Al examinar las teorías de la consciencia, también es lógico distinguir entre diferentes niveles. Por ejemplo, la teoría de la integración dendrítica, que considera las neuronas y sus conexiones, se centra en las células individuales y en cómo contribuyen a la consciencia. Esto la convierte en “neutral”, ya que se integra fácilmente en ideas a mayor escala, como aquellas que se basan principalmente en conexiones de redes neuronales o en regiones cerebrales más extensas.

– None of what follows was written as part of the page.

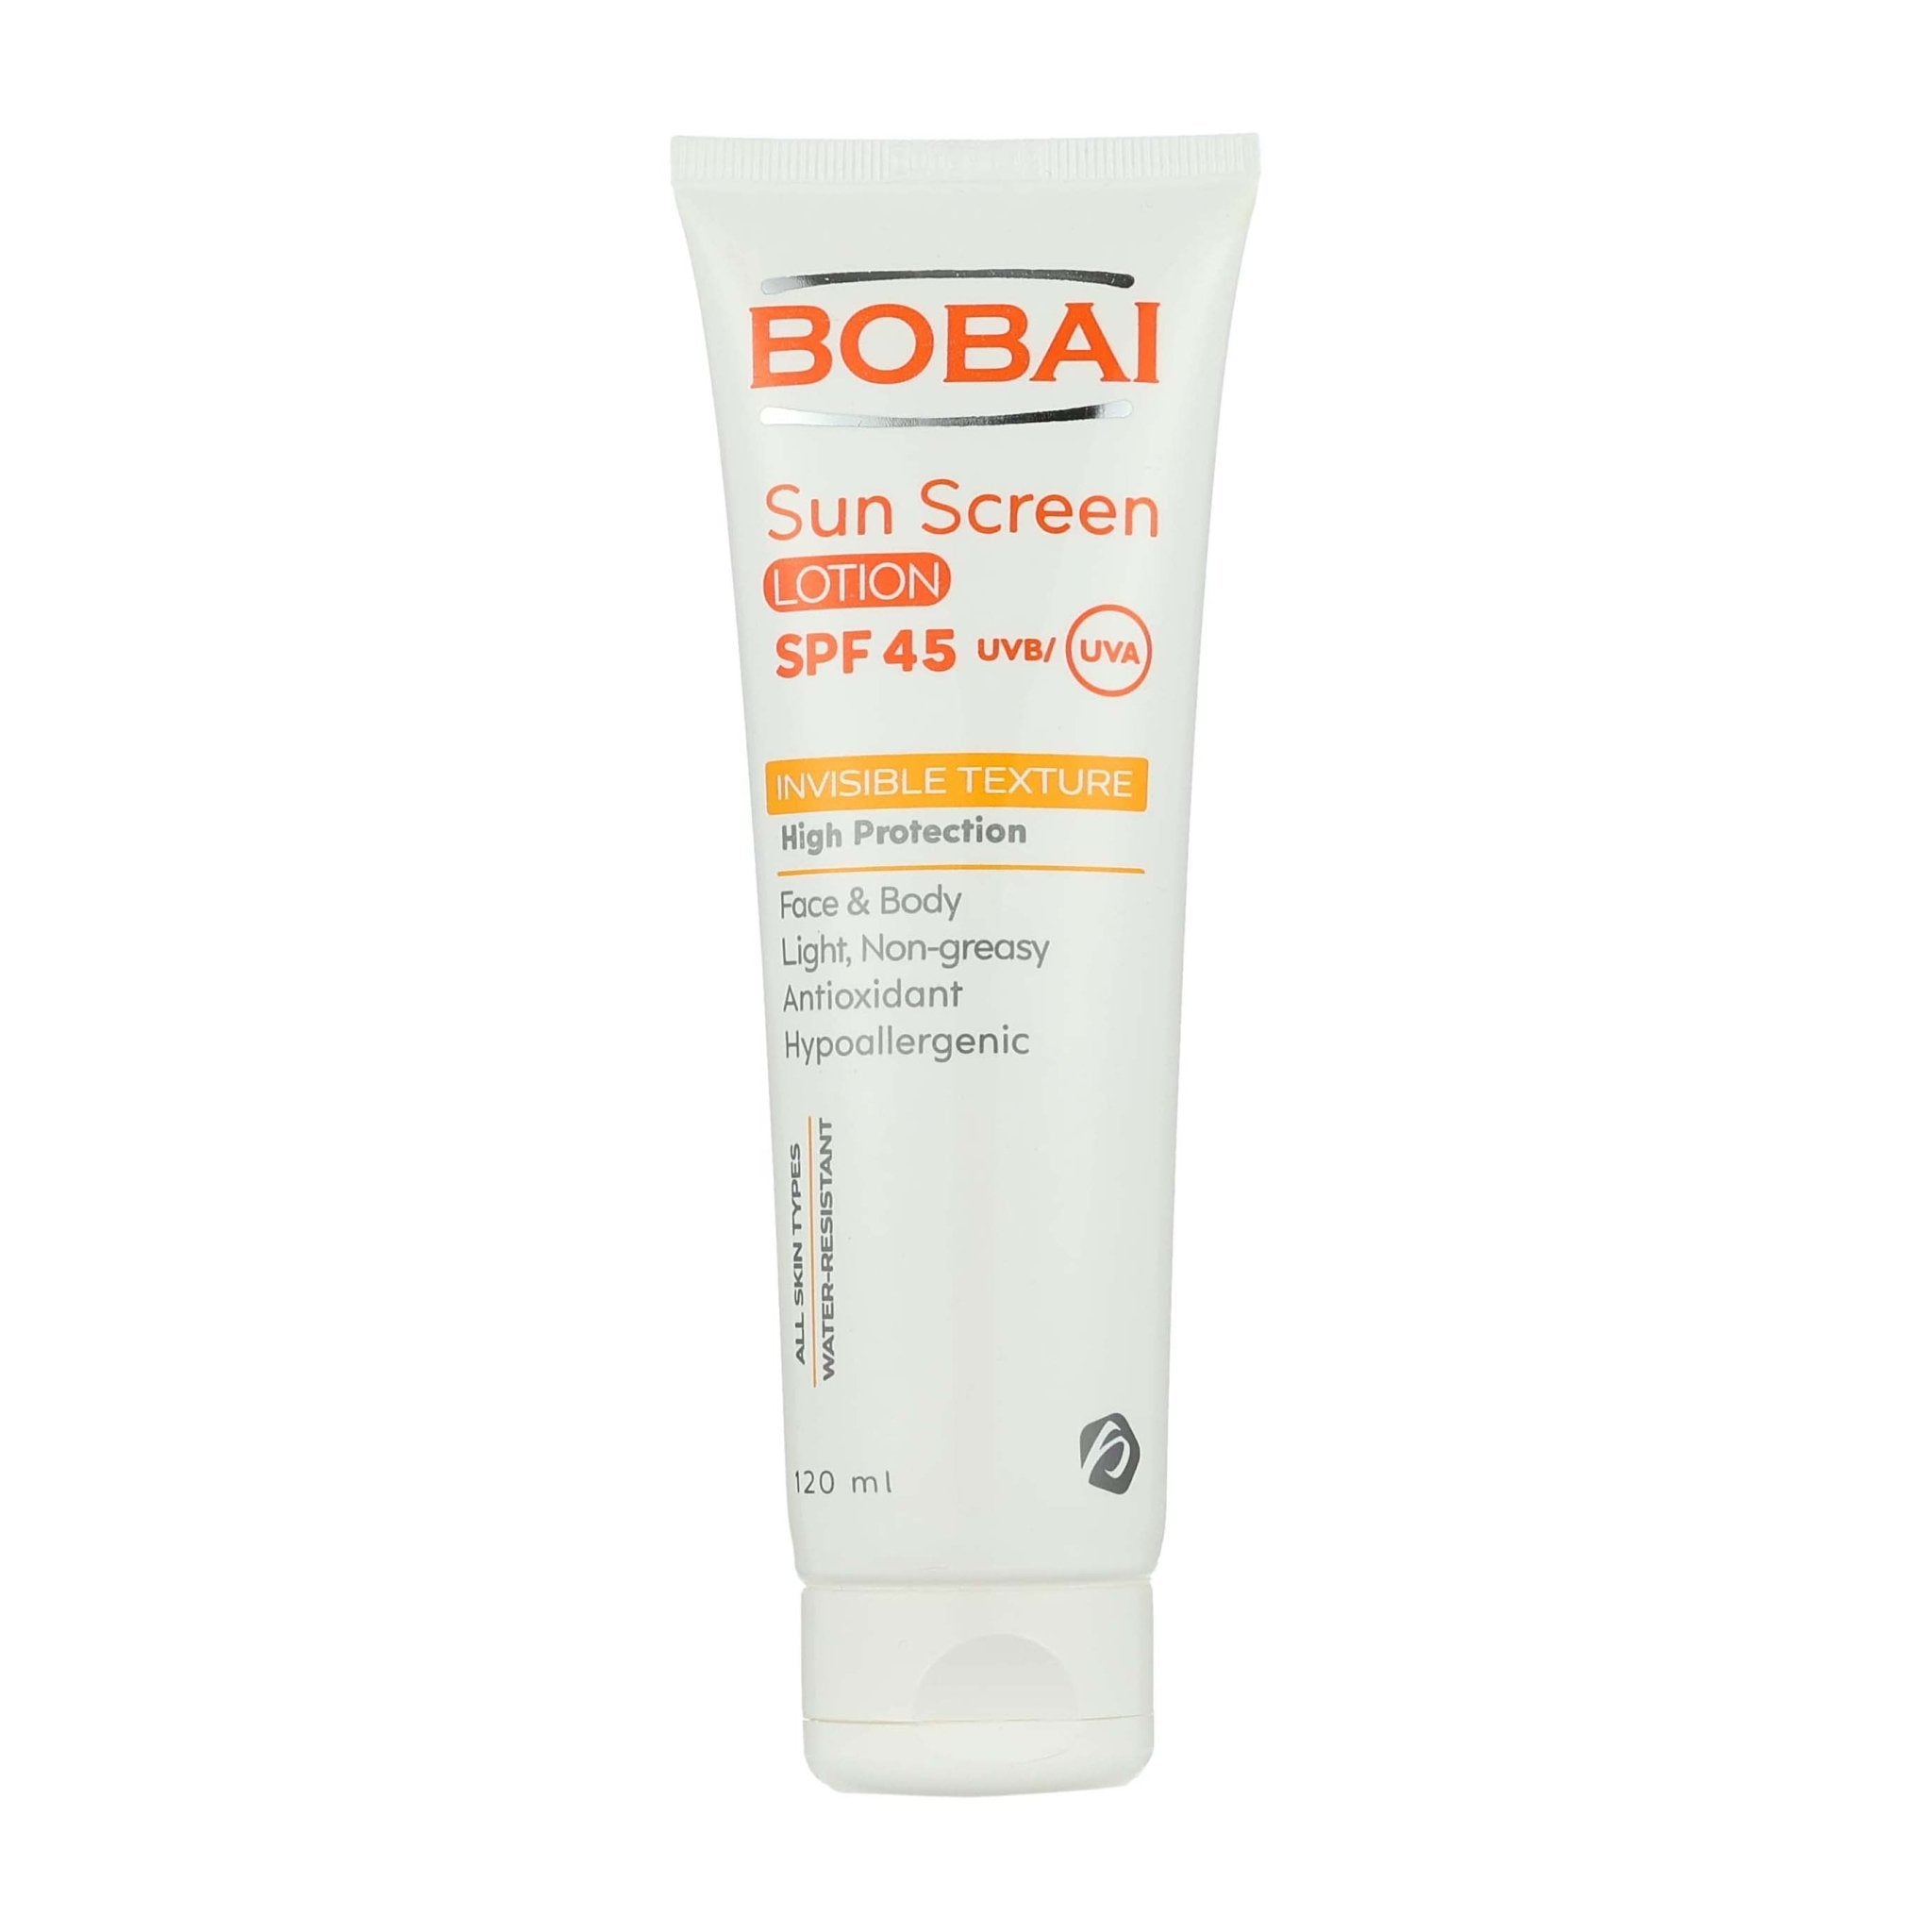 Bobai Invisible Texture SPF 45 Sunscreen Lotion - 120ml - Bloom Pharmacy
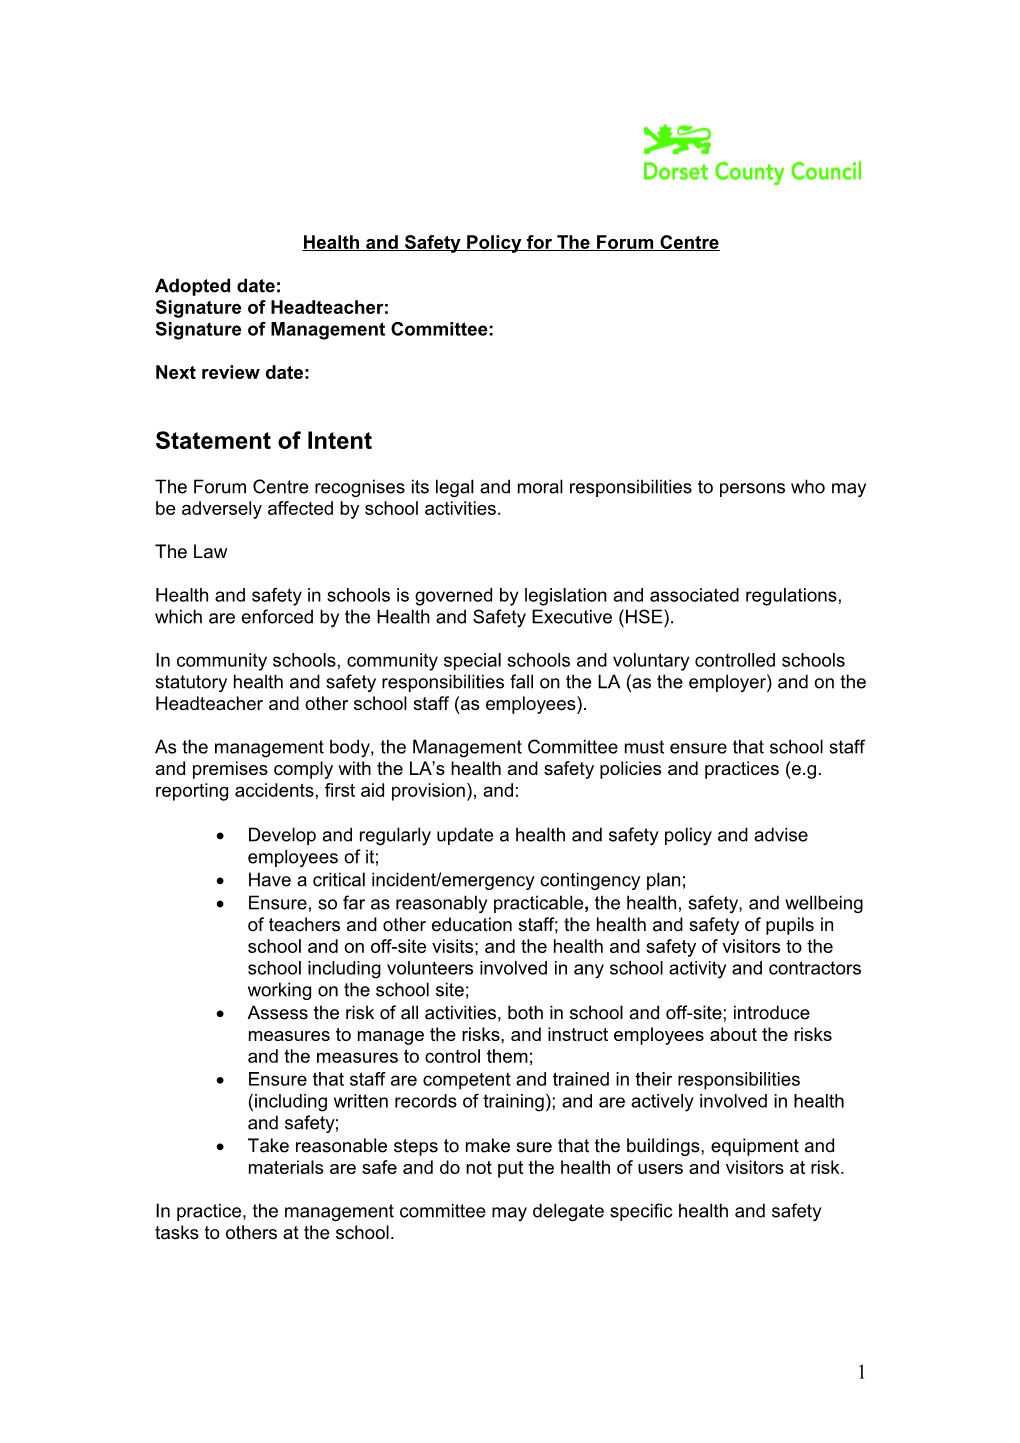 Health and Safety Policy for the Forum Centre

Aunque parece difícil conciliar diversas ideas sobre la consciencia, dos principios las vinculan, escribió el equipo. Uno es que la consciencia requiere retroalimentación, tanto dentro de los circuitos neuronales locales como en todo el cerebro. El otro es la integración, en el sentido de que cualquier señal de retroalimentación debe incorporarse fácilmente a los circuitos neuronales para que puedan modificar sus resultados. Finalmente, todos los autores coinciden en que las conexiones locales y cortas son vitales, pero no suficientes. Las conexiones a larga distancia desde la corteza cerebral hasta áreas cerebrales más profundas son necesarias para la consciencia.
Entonces, ¿es posible una teoría integrada de la conciencia? Los autores se muestran optimistas. Al definir múltiples aspectos de la conciencia (respuestas inmediatas versus pensamientos internos), será más claro cómo explorar y comparar los resultados de diferentes experimentos. Por ahora, la teoría del espacio de trabajo neuronal global se centra principalmente en la “experiencia interna” que conduce a la conciencia, mientras que otras intentan abordar la “experiencia externa”, es decir, lo que experimentamos inmediatamente.
Para que las teorías se fusionen, estos últimos grupos deberán explicar cómo se utiliza la conciencia para la atención y la planificación, características distintivas de las respuestas inmediatas. Pero, fundamentalmente, escribieron los autores, todas se basan en diferentes aspectos de las conexiones neuronales cercanas y lejanas. Con experimentos más empíricos y a medida que se publiquen atlas cerebrales cada vez más sofisticados, se impulsará el campo.
Con suerte, escriben los autores, “una teoría integrada de la conciencia… podrá ser alcanzada en los próximos años o décadas”.